The applicant is a minor from Syria. Following the appointment of an ad hoc administrator by order of the Family Court of 19 June 2024, he requested international protection on 29 November 2024. The comparison of the fingerprints with the EURODAC database revealed that the applicant he had been granted international protection in Greece on 20 February 2024. Hence, his application was declared inadmissible on 2 December 2024 on the basis of Article 28(2)(a) of the amended Law of 18 December 2015 on international protection and temporary protection. The applicant appealed to the Administrative Tribunal on 16 December 2024. He argued that the Minister failed to consider the case law of the CJEU regarding the situation of unaccompanied minors in Greece, as well as the best interests of the child and the right to respect for private and family life. To support his claims, the applicant referenced the summary of the judgment of the Federal Administrative Court of Switzerland in A, B, C, D, E and F v State Secretary for Migration (E-3427/2021, E-3431/2021).

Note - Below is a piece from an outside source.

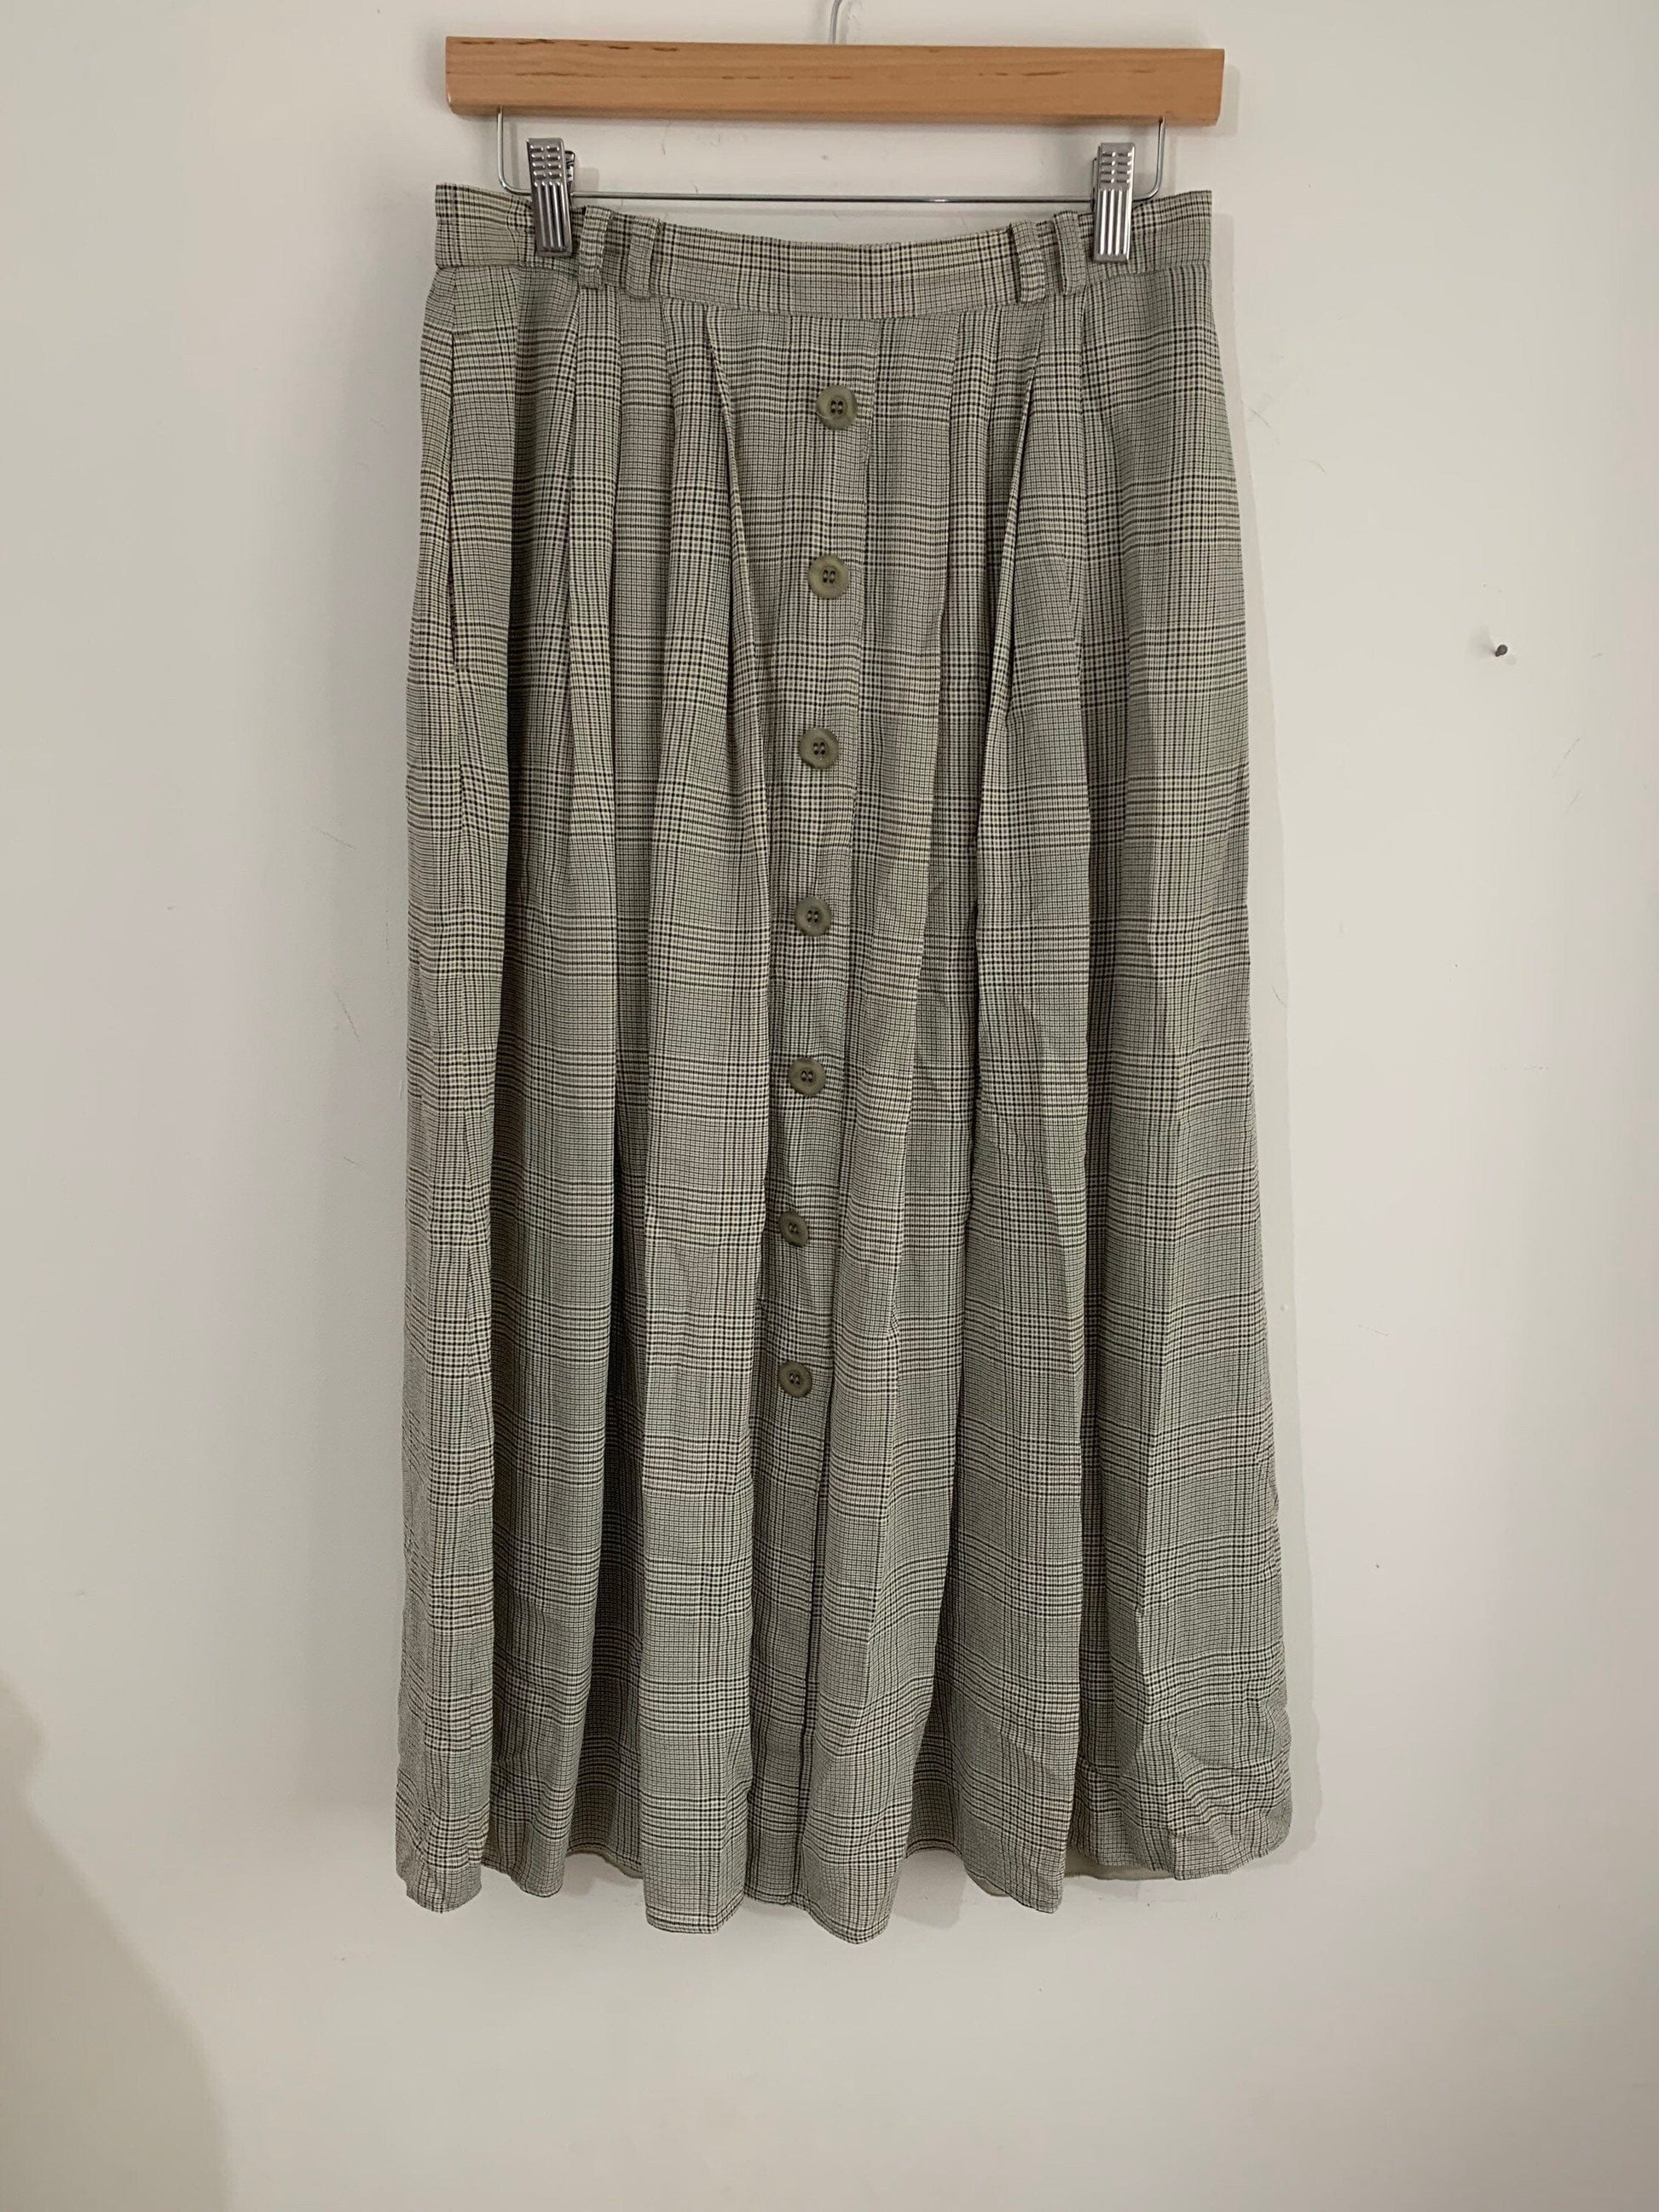 Vintage Gardeur Skirt Midi Length Grey Green Checked  UK 12/14 With pockets

The court held that the contested decision was reasoned both in fact and in law, as it referenced Article 28(2)(a) of the Law of 18 December 2015. It outlined the reasons for the Minister’s decision to declare the application inadmissible: the applicant had been granted international protection in Greece, and there was no indication in the administrative file that the applicant would face a risk of treatment contrary to Article 3 of the ECHR and Article 4 of the EU Charter in Greece. The court also noted that the Minister had pointed out that the applicant’s statement that conditions in Greece were 'miserable,' that people lived in tents, and that the applicant had not attended school, was not sufficient to contradict the contested decision. This was especially so since the applicant left Greece only a month after being granted international protection and had not mentioned requesting assistance from the Greek authorities.

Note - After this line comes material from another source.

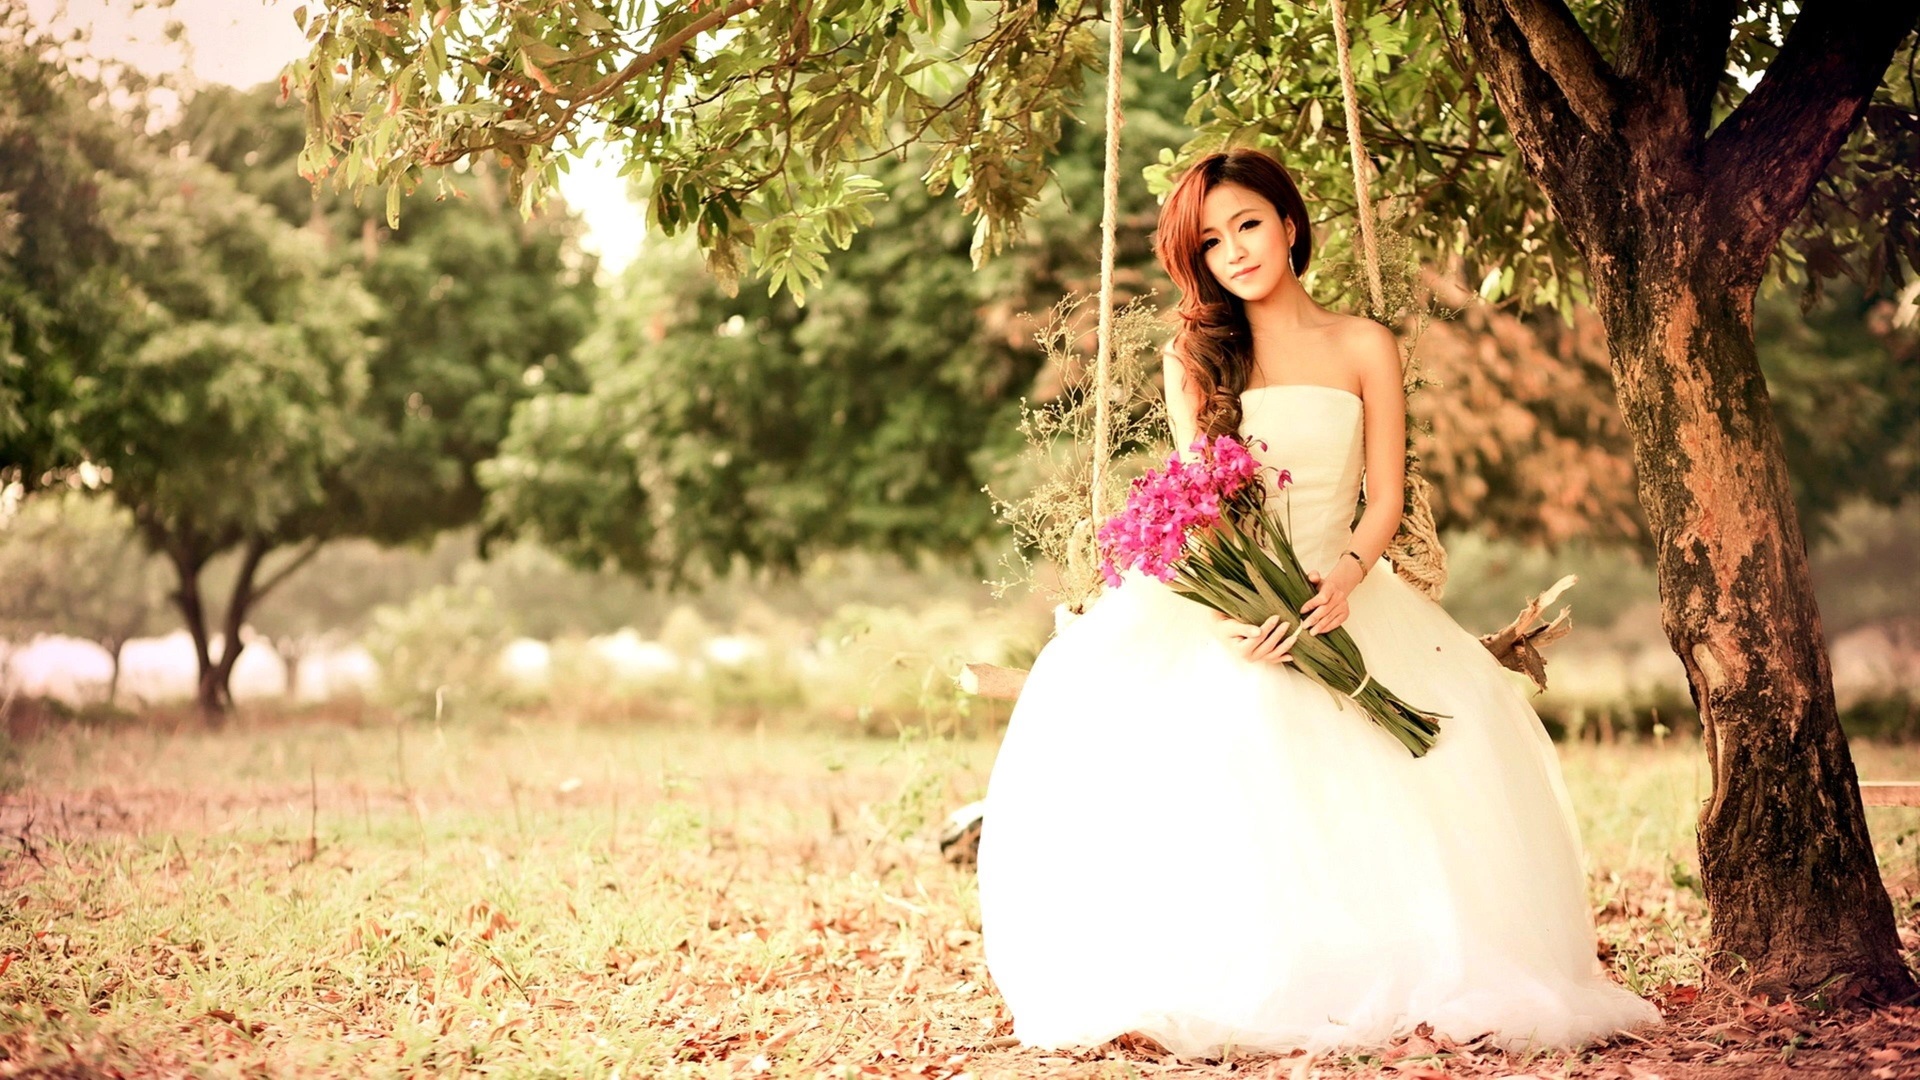 Femme asiatique - Tenue de mariée.jpg

The court also noted that the applicant was interviewed by the Ministry on 29 November 2024, with his representative present. Neither the conduct nor the content of the interview prompted any remarks from the representative, particularly regarding the applicant's situation of particular vulnerability or his best interests.

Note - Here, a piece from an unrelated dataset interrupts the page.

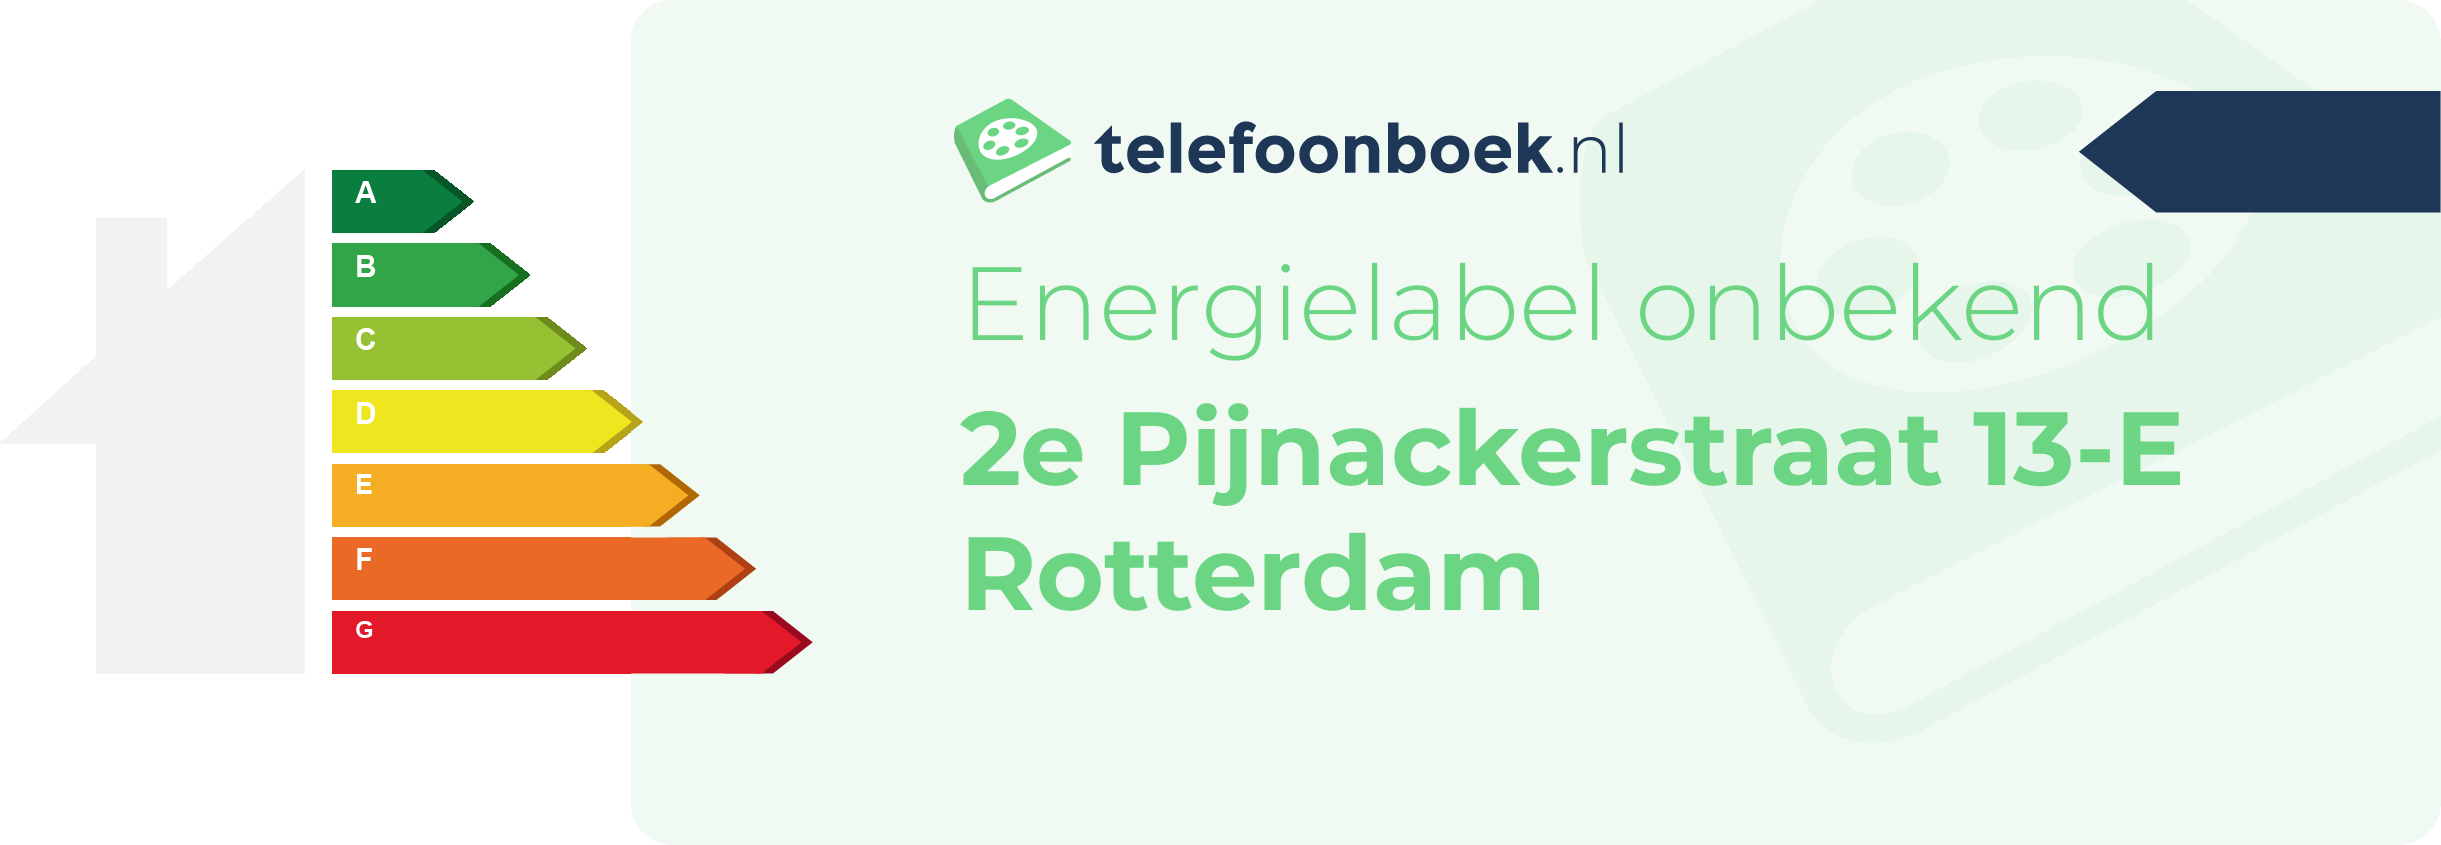 Energielabel 2e Pijnackerstraat 13-E Rotterdam

Regarding the legality of the contested decision, the court highlighted that, under Article 28(2)(a) of the Law of 18 December 2015, the Minister may issue a decision of inadmissibility without verifying whether the conditions for granting international protection are met when international protection has been granted by another EU Member State. The court specified that, since the applicant was granted refugee status in Greece, the Minister was a priori entitled to declare the application inadmissible on the basis of that article.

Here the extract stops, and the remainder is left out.